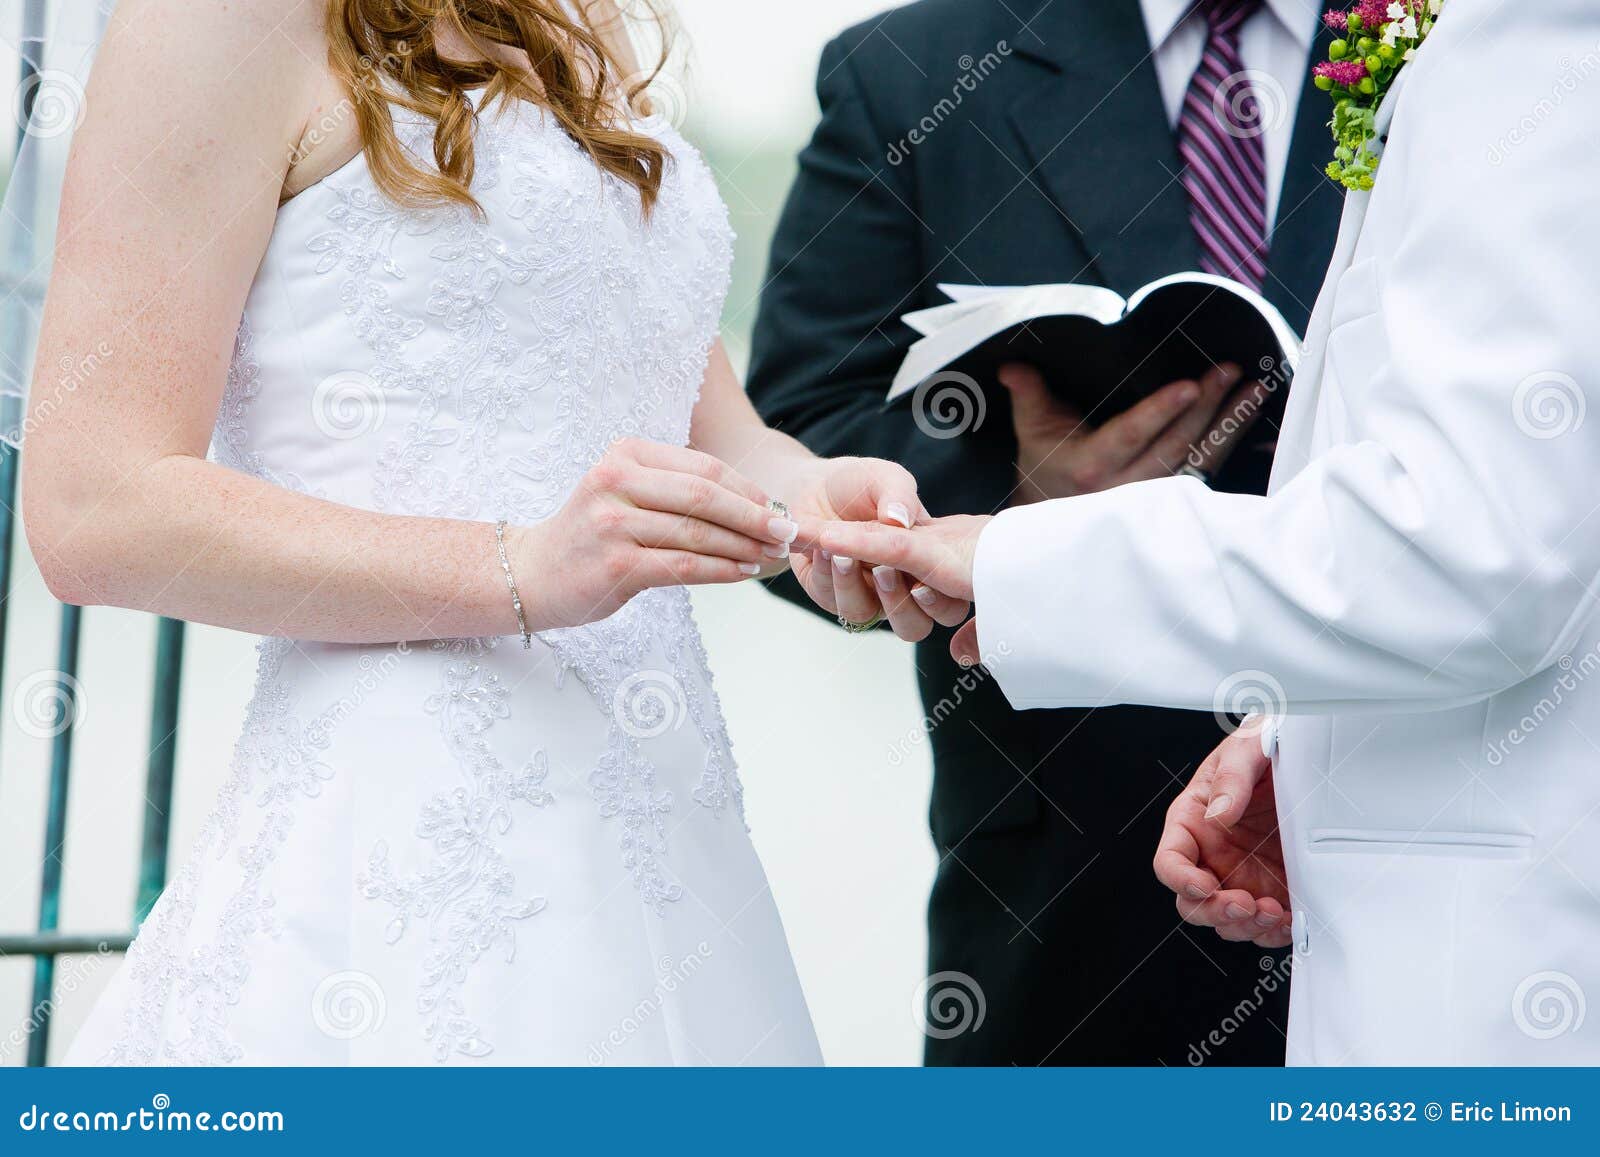 Wedding ring exchange stock photo. Image of traditions - 24043632
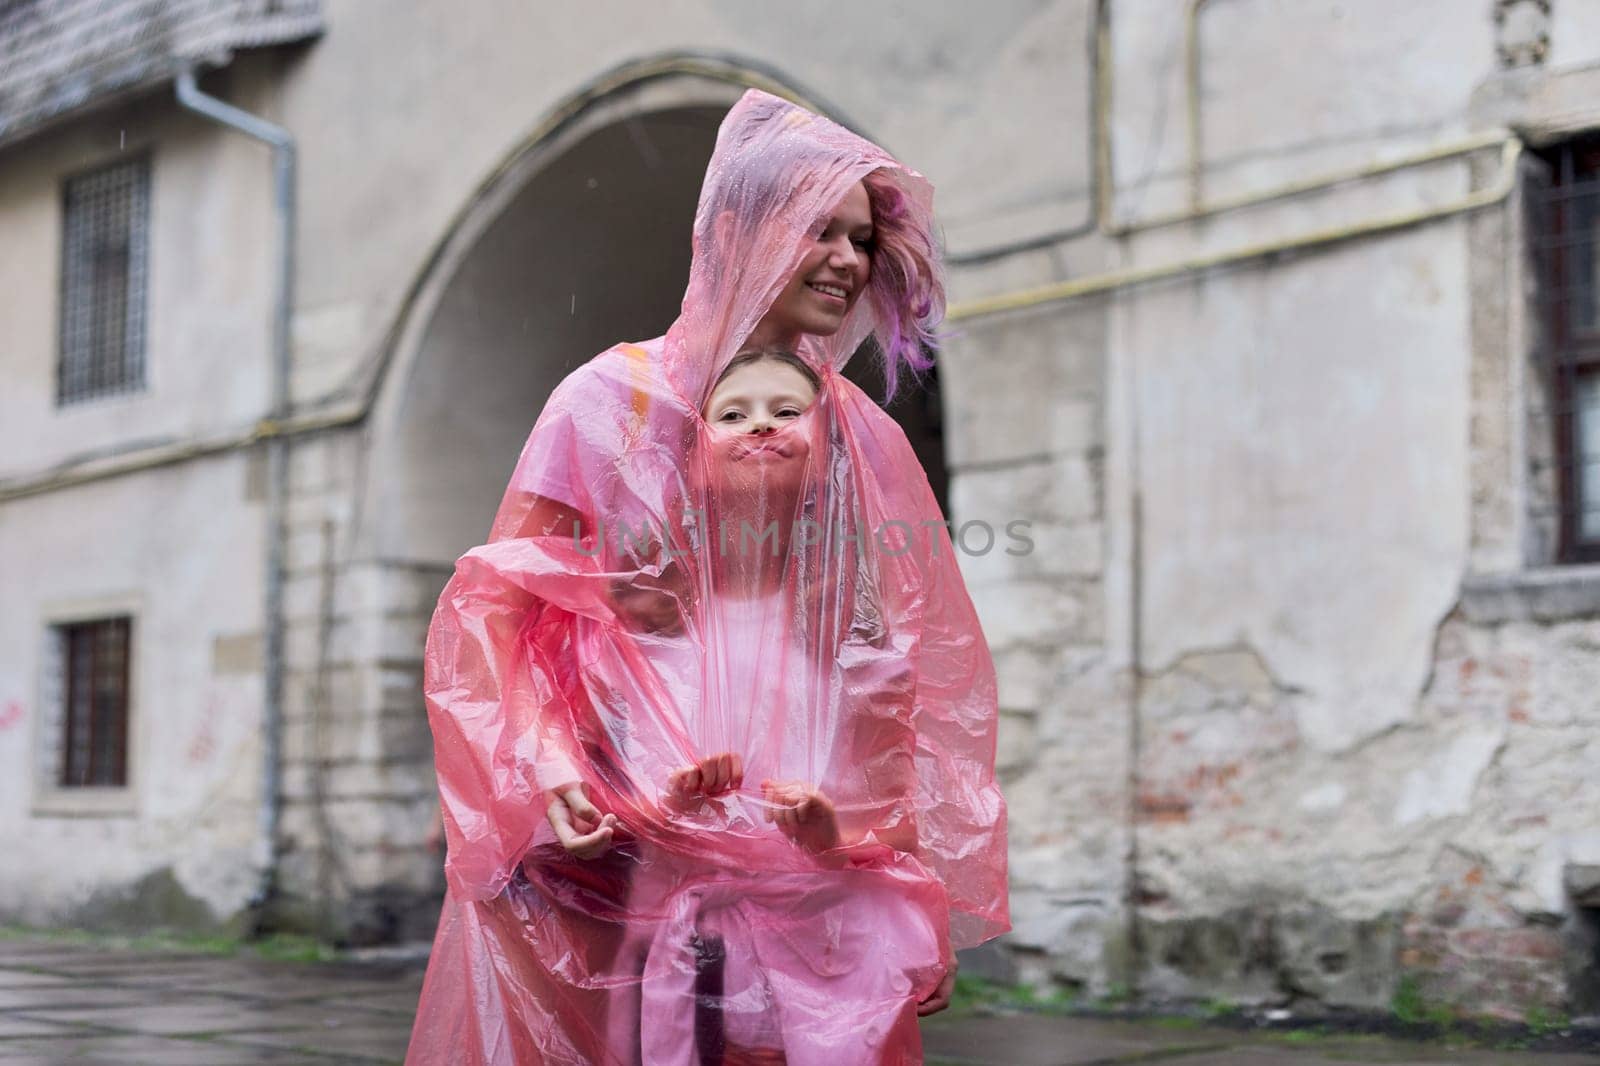 Girls children walking in the rain dressed in a raincoat by VH-studio
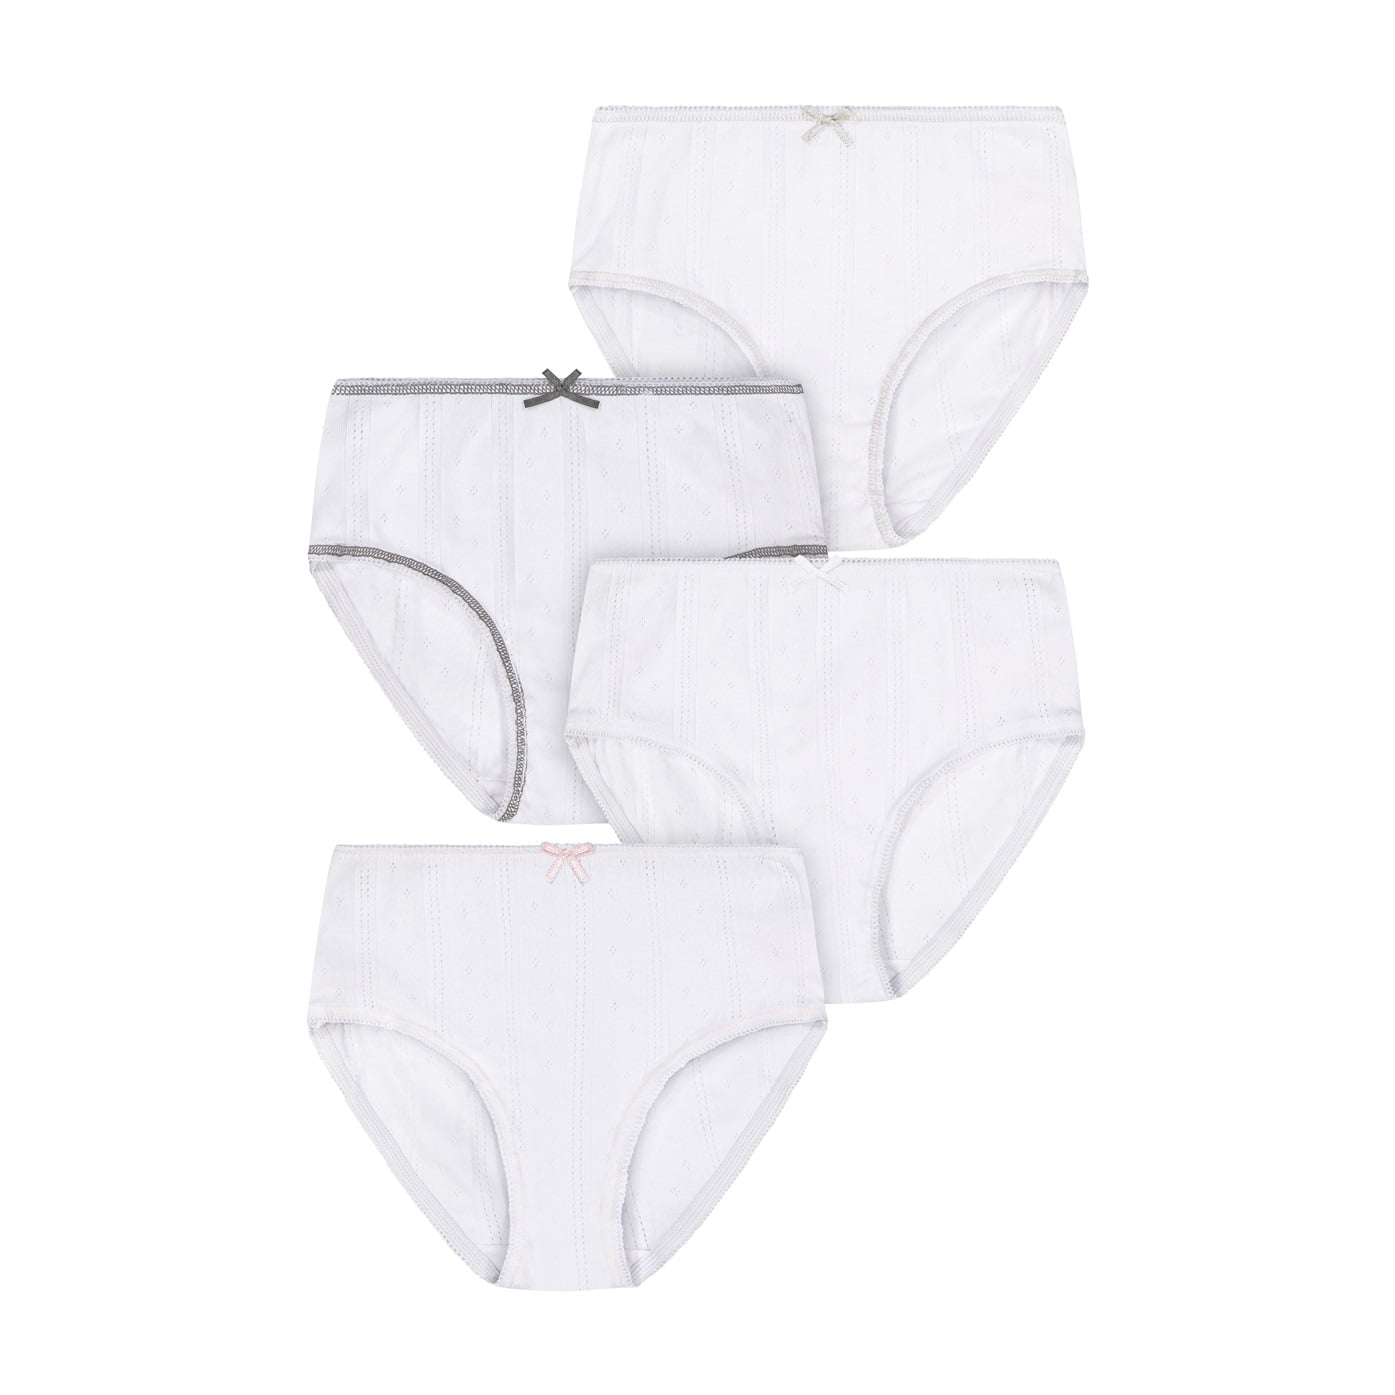 Buyless Fashion Little Girl Toddler Panties Assorted Prints Soft Cotton Big  Kids Briefs Underwear 4 Pack
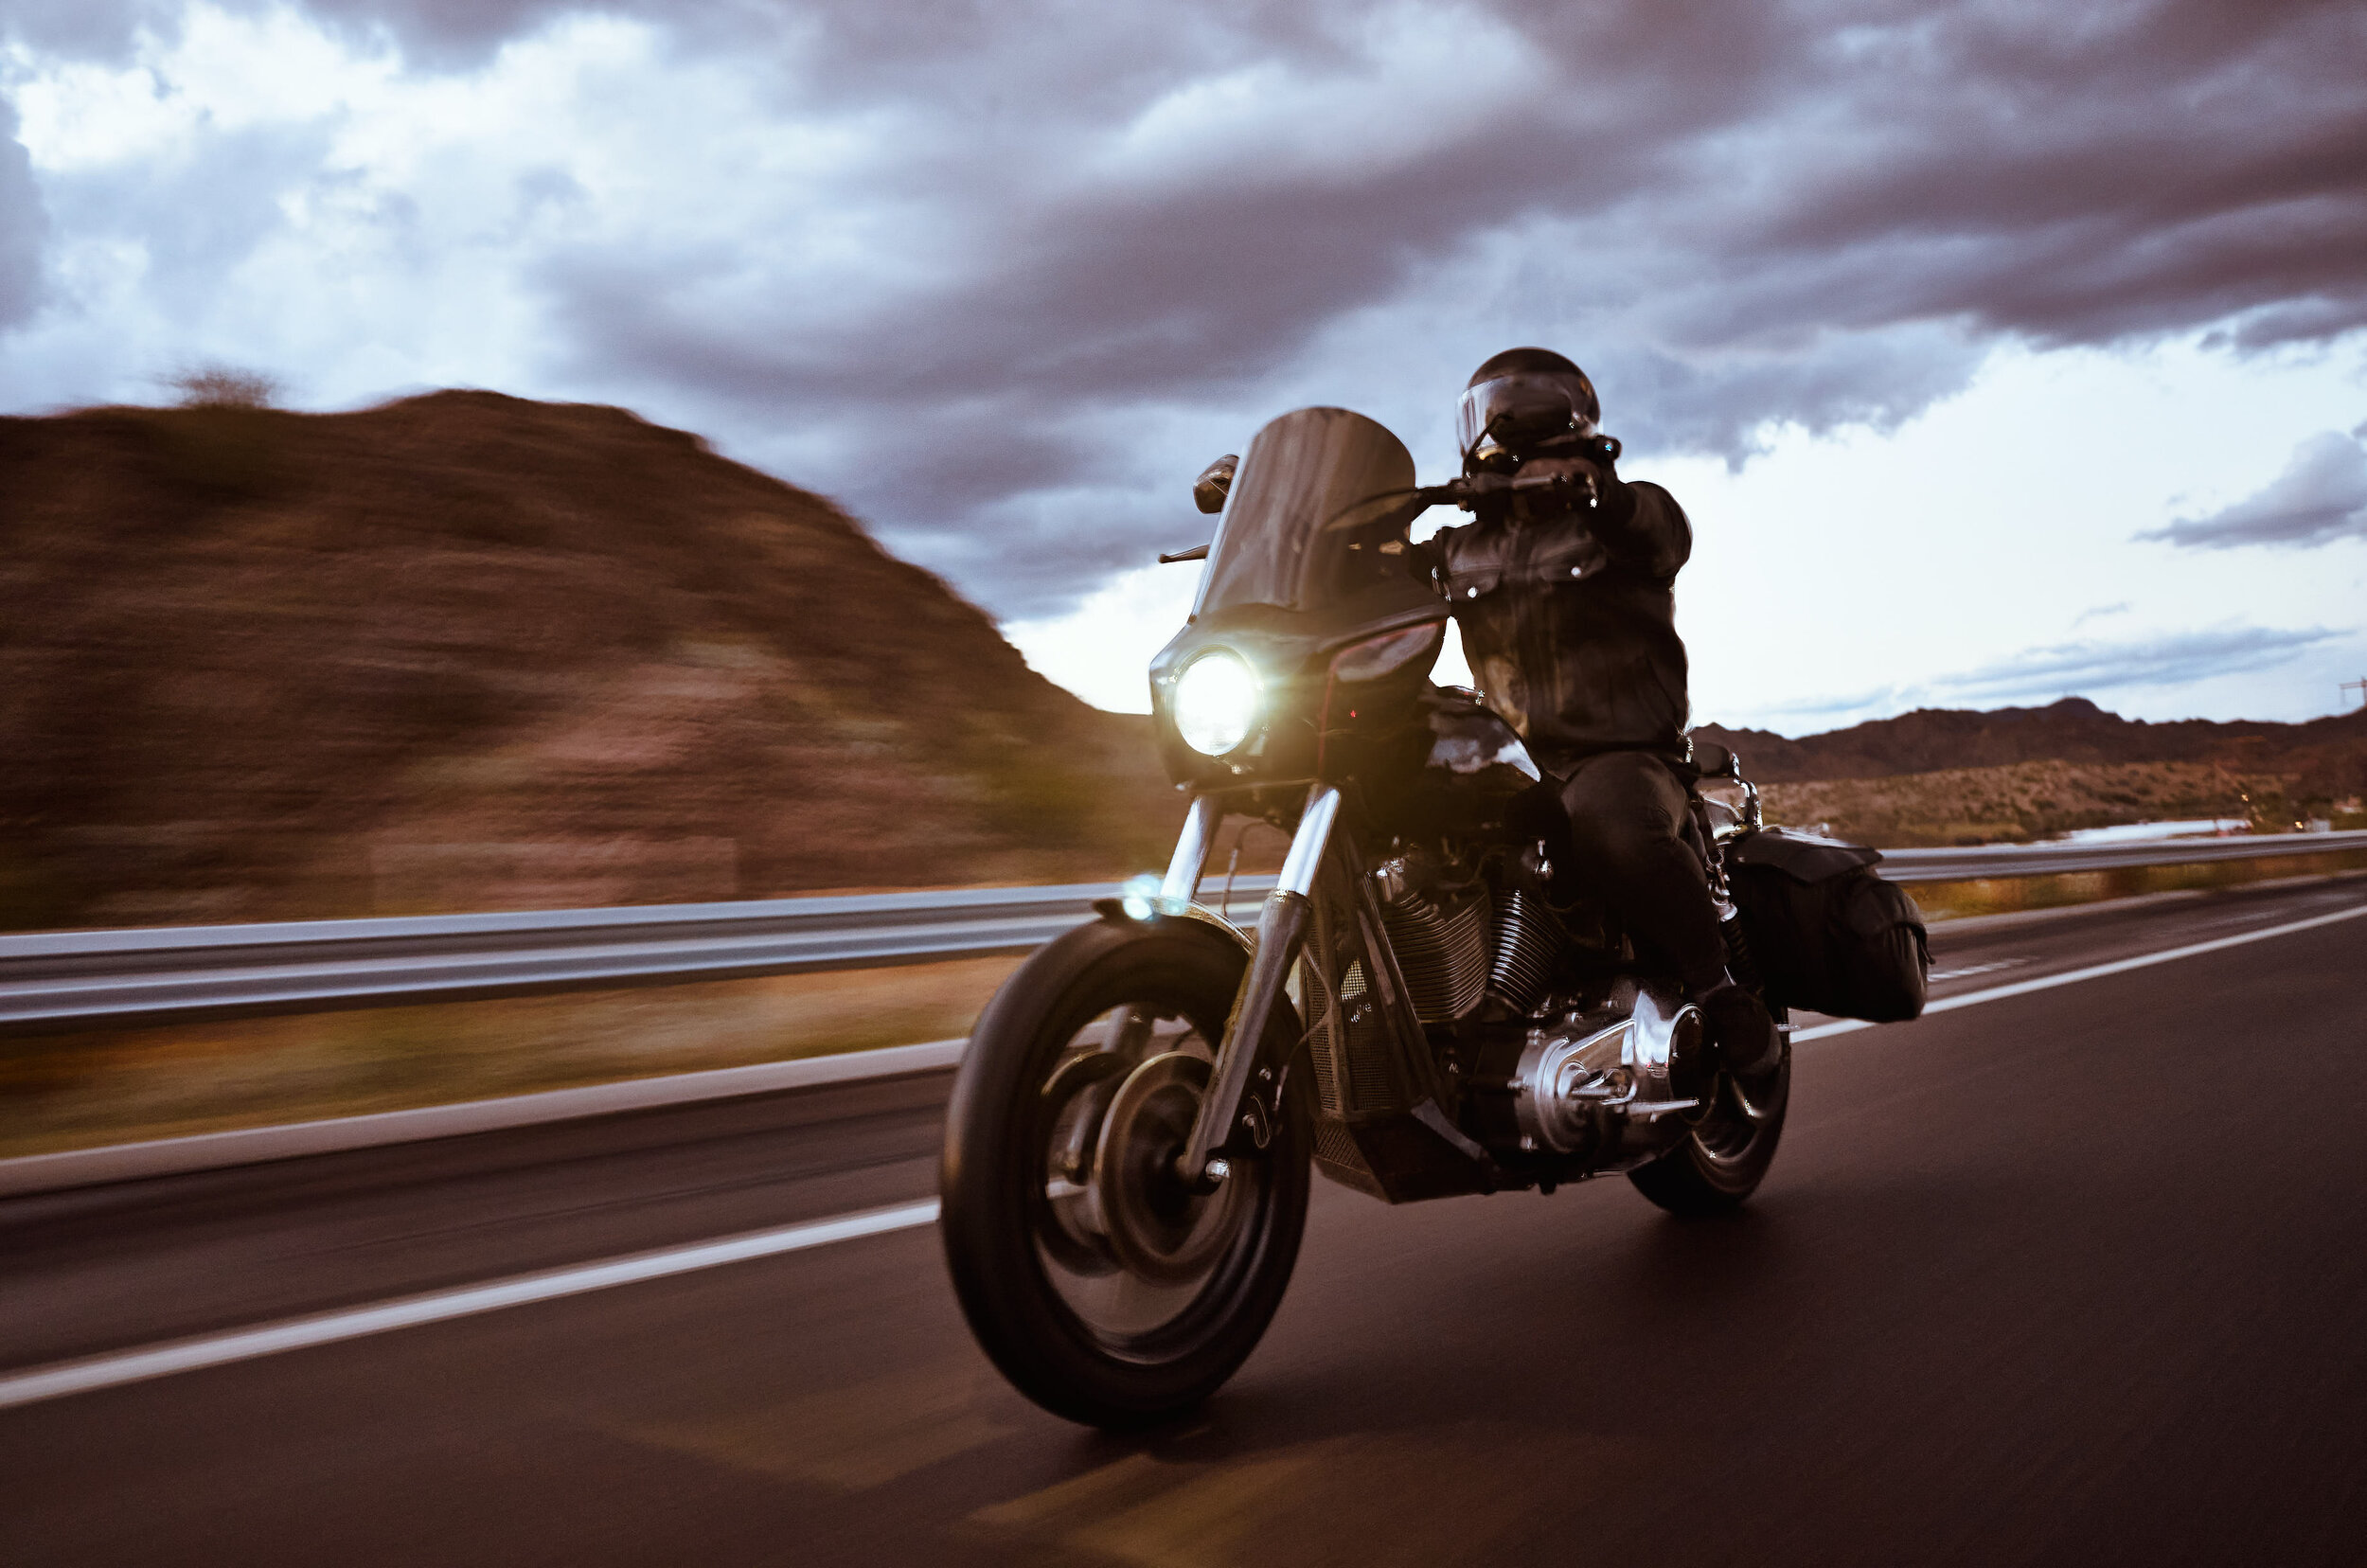 Michael Williams Commercial Photographer Phoenix Arizona. Automotive, motorcycle, Harley,

What is being asked:
Output the listing above in full, exactly. No images.

Written response:
 Wedding ring exchange stock photo. Image of traditions - 24043632
 Girls children walking in the rain dressed in a raincoat by VH-studio
 Buyless Fashion Little Girl Toddler Panties Assorted Prints Soft Cotton Big  Kids Briefs Underwear 4 Pack
 Michael Williams Commercial Photographer Phoenix Arizona. Automotive, motorcycle, Harley,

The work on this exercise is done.